The Wall boundary condition represents a solid surface where the fluid cannot penetrate, typically enforcing the no-slip condition for viscous flows.

# Available Options

Option Description Applicable
Use wall function Near-wall modeling approach always
Motion Type of wall movement always
Center Coordinates of the center of rotation Motion is Rotating wall
Axis Components of the axis of rotation Motion is Rotating wall
Angular velocity Angular velocity of the wall's rotation Motion is Rotating wall
Static pressure Pressure of the bleed Motion is Slater porous bleed
Porosity Porosity of the bleed surface Motion is Slater porous bleed
Activation step Pseudo step at which the bleed is activated Motion is Slater porous bleed
Velocity components Definition of the wall velocity Motion is User-defined
Heat flux Heat flux through the wall when Heat flux is selected
Temperature Temperature of the wall when Temperature is selected
Roughness height Surface roughness always
Assigned surfaces Geometric boundaries to apply the wall condition always

# Detailed Descriptions

# Use wall function

Enables wall function approximation to model the near-wall region without resolving it.
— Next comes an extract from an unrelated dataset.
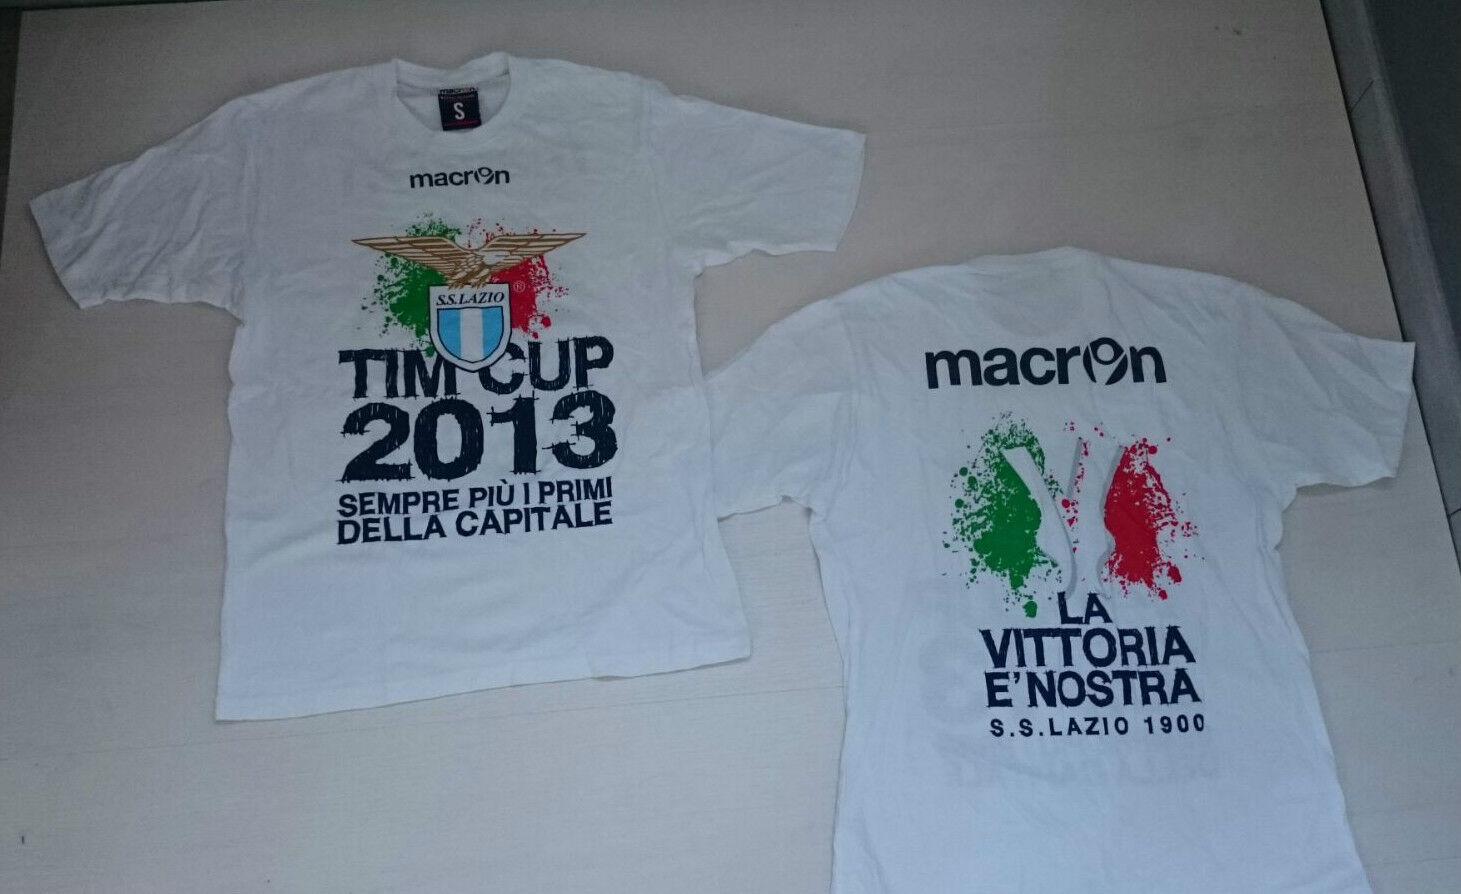 2508 LAZIO MACRON MAGLIA MAGLIETTA V COPPA ITALIA 2013 T-SHIRT TIM CUP  30

  • Options: Enabled/Disabled
  • Default: Disabled
  • Note: When enabled, allows the use of coarser meshes with larger y+ values (30-300).

# Motion

Defines how the wall moves relative to the fluid.

  • Options:
    • None (Fixed wall)
    • Rotating wall
    • Slater porous bleed
    • User-defined
  • Default: None (Fixed wall)

Notes:

  • Fixed walls have zero velocity, while other types require additional specifications.
  • When the wall is within the rotating zone:
    • Choosing fixed wall means that the wall will have zero velocity in relation to the rotating zone.
    • When using the Rotating wall or User-defined option, the specified velocity will be in reference to the absolute reference frame.
    • If the wall is supposed to be stationary in the absolute reference frame, the velocity should be set to 0 using Rotating wall or User-defined option.

# Center

Defines the coordinates of the center of rotation for a rotating wall.

  • Required when Rotating wall selected.
  • Example: (0, 0, 0) m

# Axis

Defines the rotation axis components for a rotating wall.

  • Required when Rotating wall selected.
  • Example: (0, 0, 1)

# Angular velocity

Defines the rate of rotation for a rotating wall.

  • Required when Rotating wall selected.
  • Example: 300 RPM

# Static pressure

Static Pressure for Slater porous bleed model.

  • Required when Slater porous bleed selected.
  • Example: 101325 Pa

# Porosity

Porosity for Slater porous bleed model.

  • Required when Slater porous bleed selected.
  • Example: 0.3

Notes:

  • Can be between 0 (exclusive) and 1 (inclusive).
  • Porosity of 0 is equivalent to a solid wall, and porosity of 1 is equivalent to a fluid interface.

# Activation step

Pseudo step in the simulation at which Slater porous bleed model is activated.

  • Default: 0
  • Example: 10

# Velocity components

Specifies the velocity vector for moving walls.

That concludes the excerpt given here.